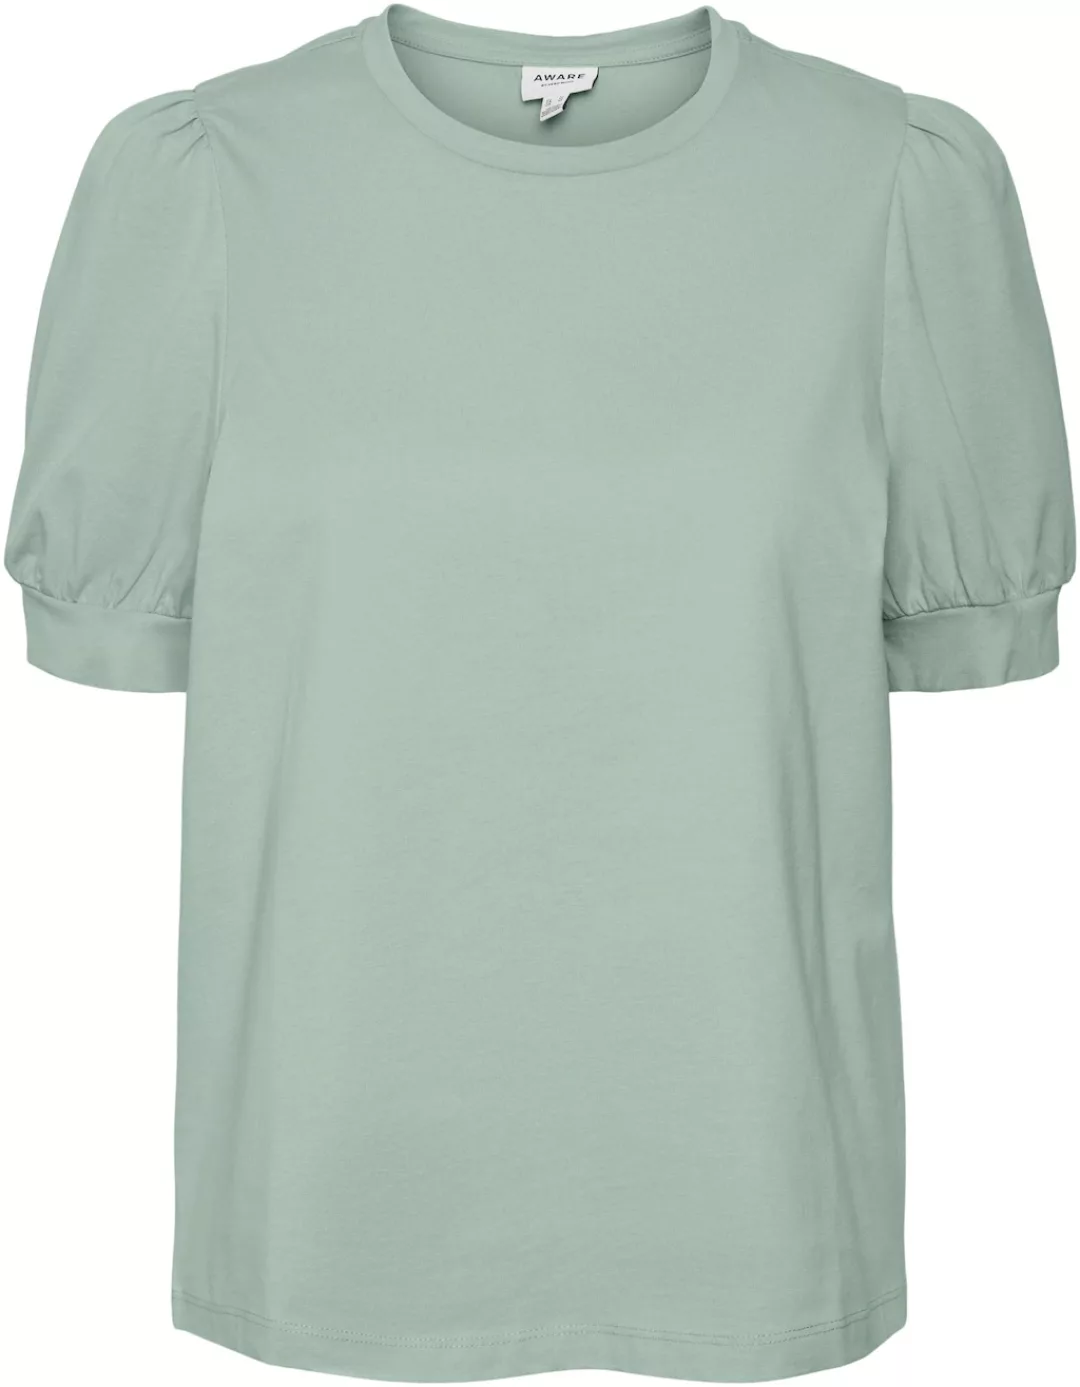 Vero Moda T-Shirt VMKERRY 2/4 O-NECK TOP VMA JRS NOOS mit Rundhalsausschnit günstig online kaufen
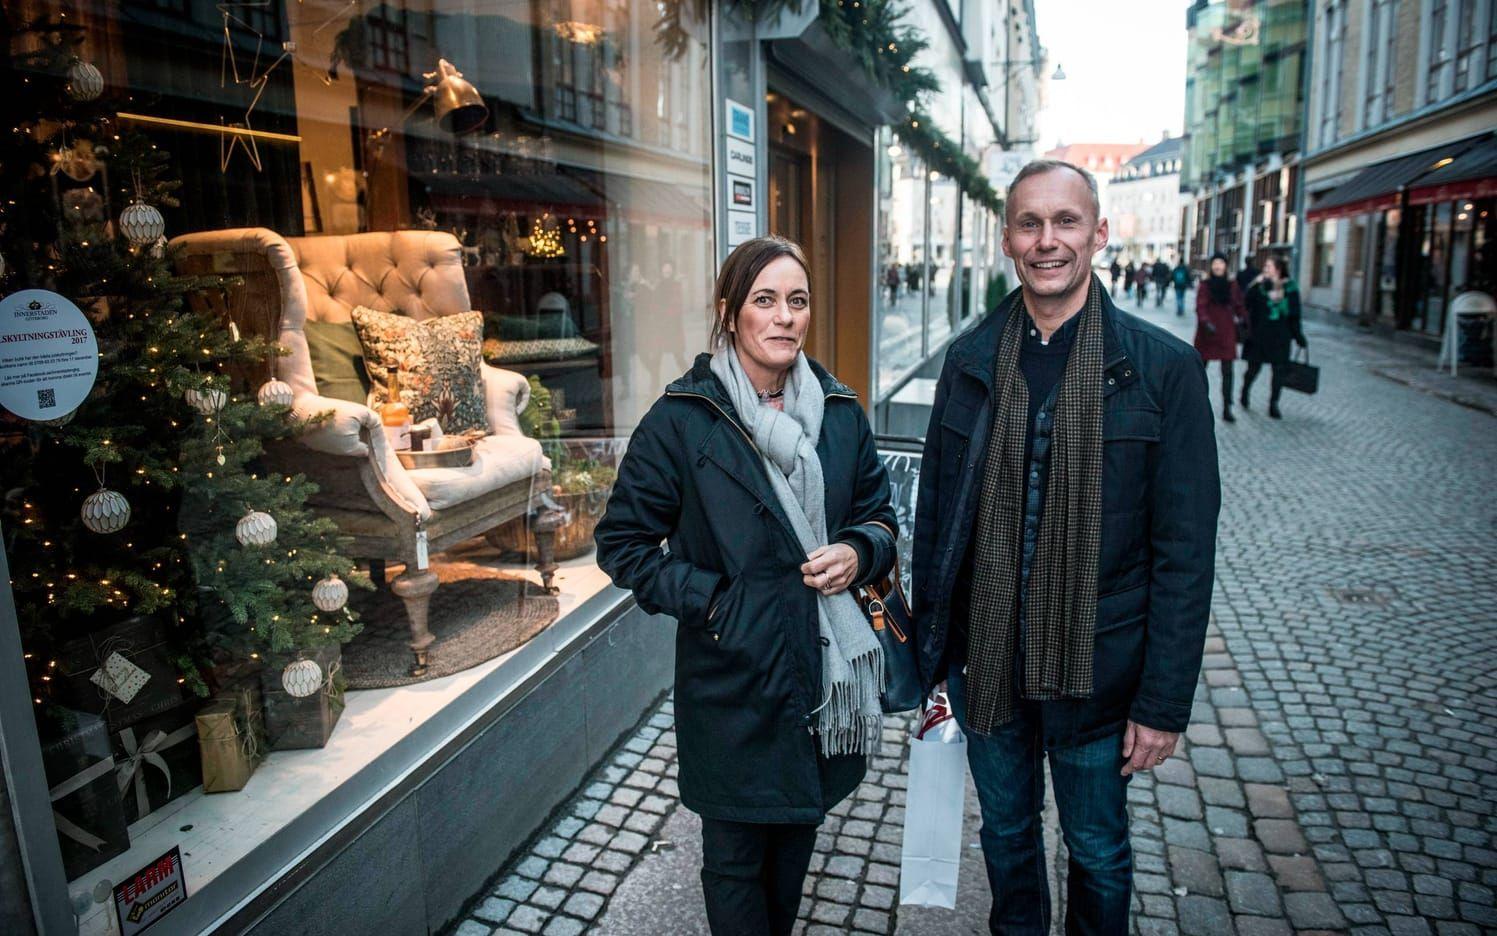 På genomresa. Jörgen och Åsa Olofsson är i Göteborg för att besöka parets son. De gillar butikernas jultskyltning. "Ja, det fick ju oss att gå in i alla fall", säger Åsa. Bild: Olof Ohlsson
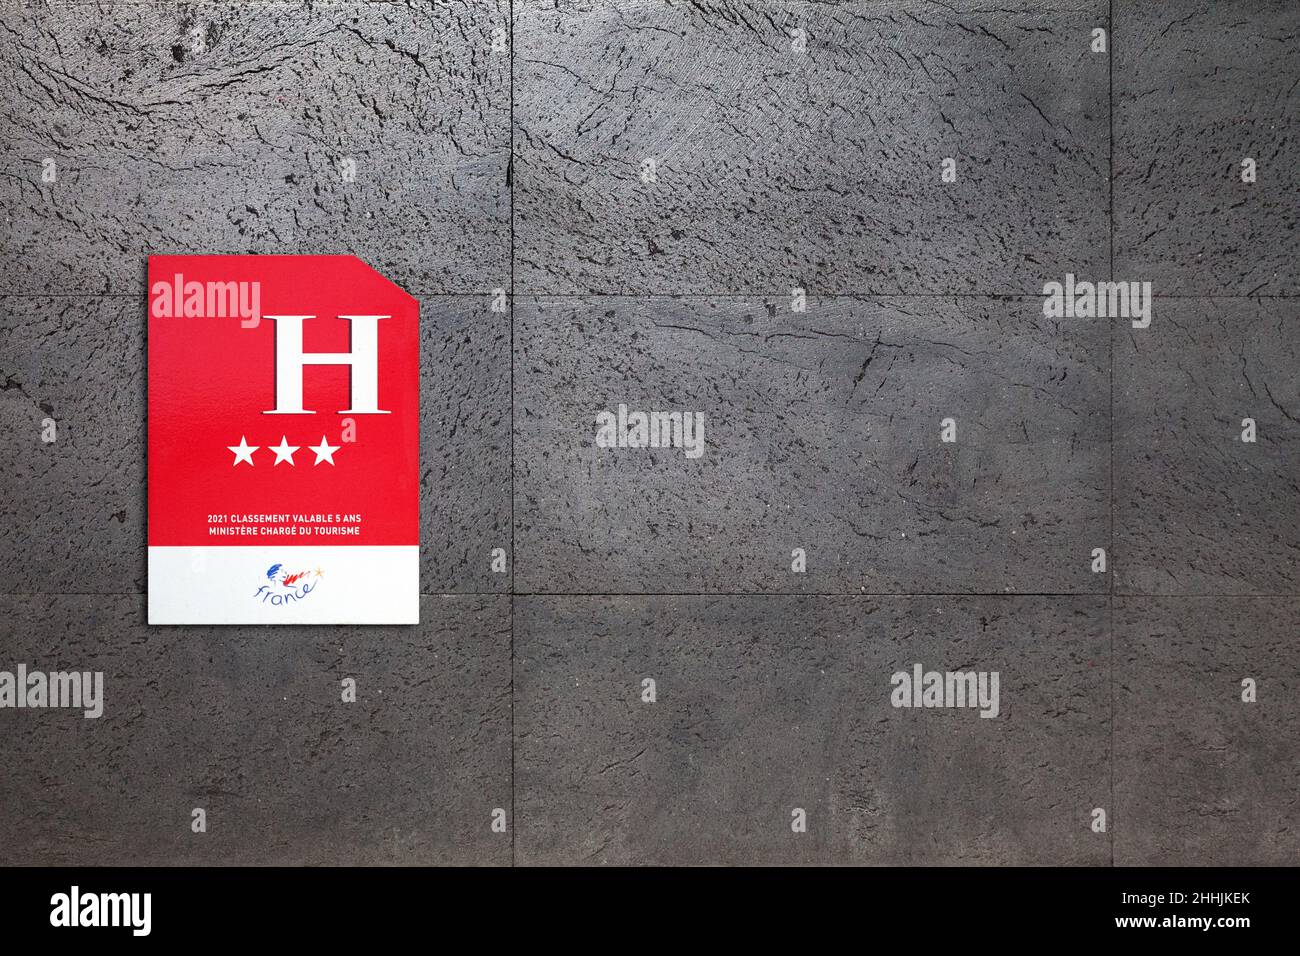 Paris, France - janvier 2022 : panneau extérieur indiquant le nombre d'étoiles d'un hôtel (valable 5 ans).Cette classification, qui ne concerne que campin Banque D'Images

____

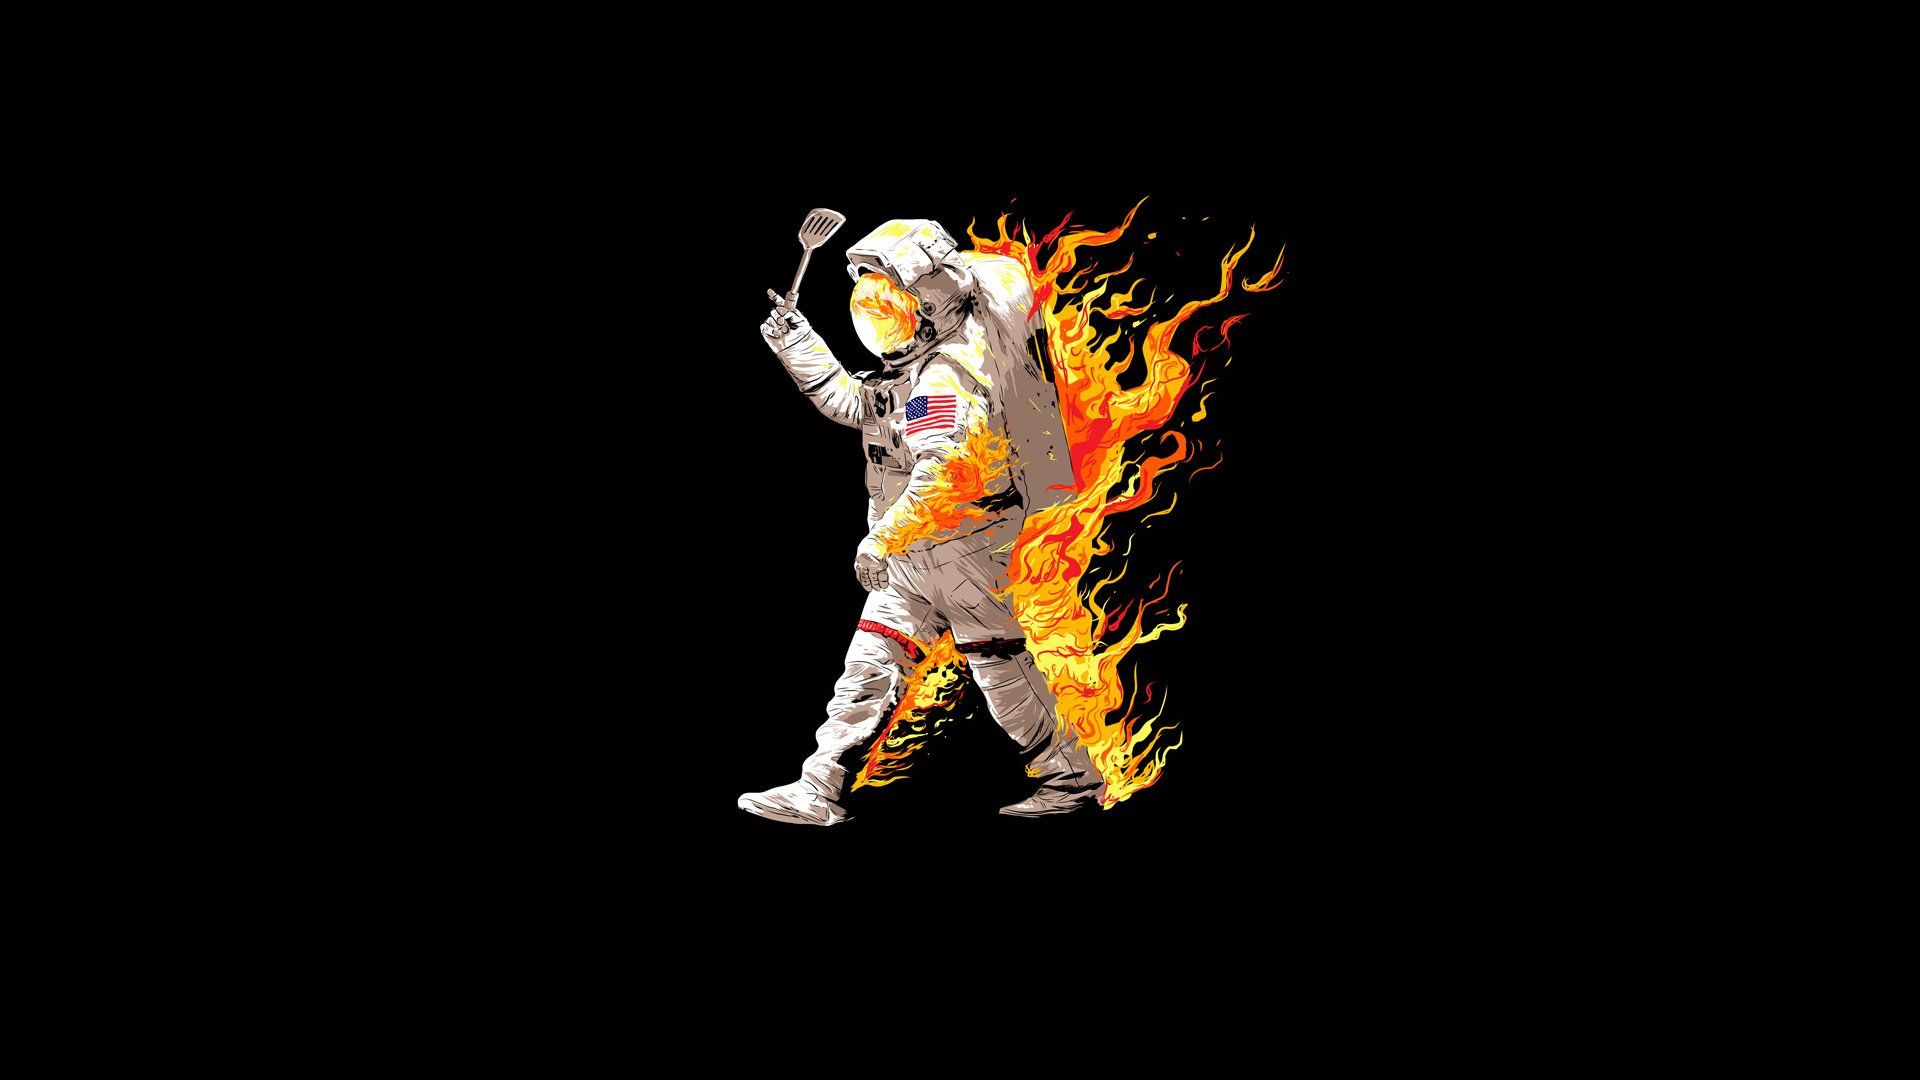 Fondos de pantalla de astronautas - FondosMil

____

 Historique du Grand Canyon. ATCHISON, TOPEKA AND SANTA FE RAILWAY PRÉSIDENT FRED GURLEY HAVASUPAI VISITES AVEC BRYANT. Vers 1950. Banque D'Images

____

### How to complete this task
Your reply should consist solely of the lines above from the line containing "Vero Moda T-Shirt" up to and including the line containing "Paris, France - janvier", reproduced exactly, minus the pictures.

### Written answer
 Vero Moda T-Shirt VMKERRY 2/4 O-NECK TOP VMA JRS NOOS mit Rundhalsausschnit günstig online kaufen
 På genomresa. Jörgen och Åsa Olofsson är i Göteborg för att besöka parets son. De gillar butikernas jultskyltning. "Ja, det fick ju oss att gå in i alla fall", säger Åsa. Bild: Olof Ohlsson
 Paris, France - janvier 2022 : panneau extérieur indiquant le nombre d'étoiles d'un hôtel (valable 5 ans).Cette classification, qui ne concerne que campin Banque D'Images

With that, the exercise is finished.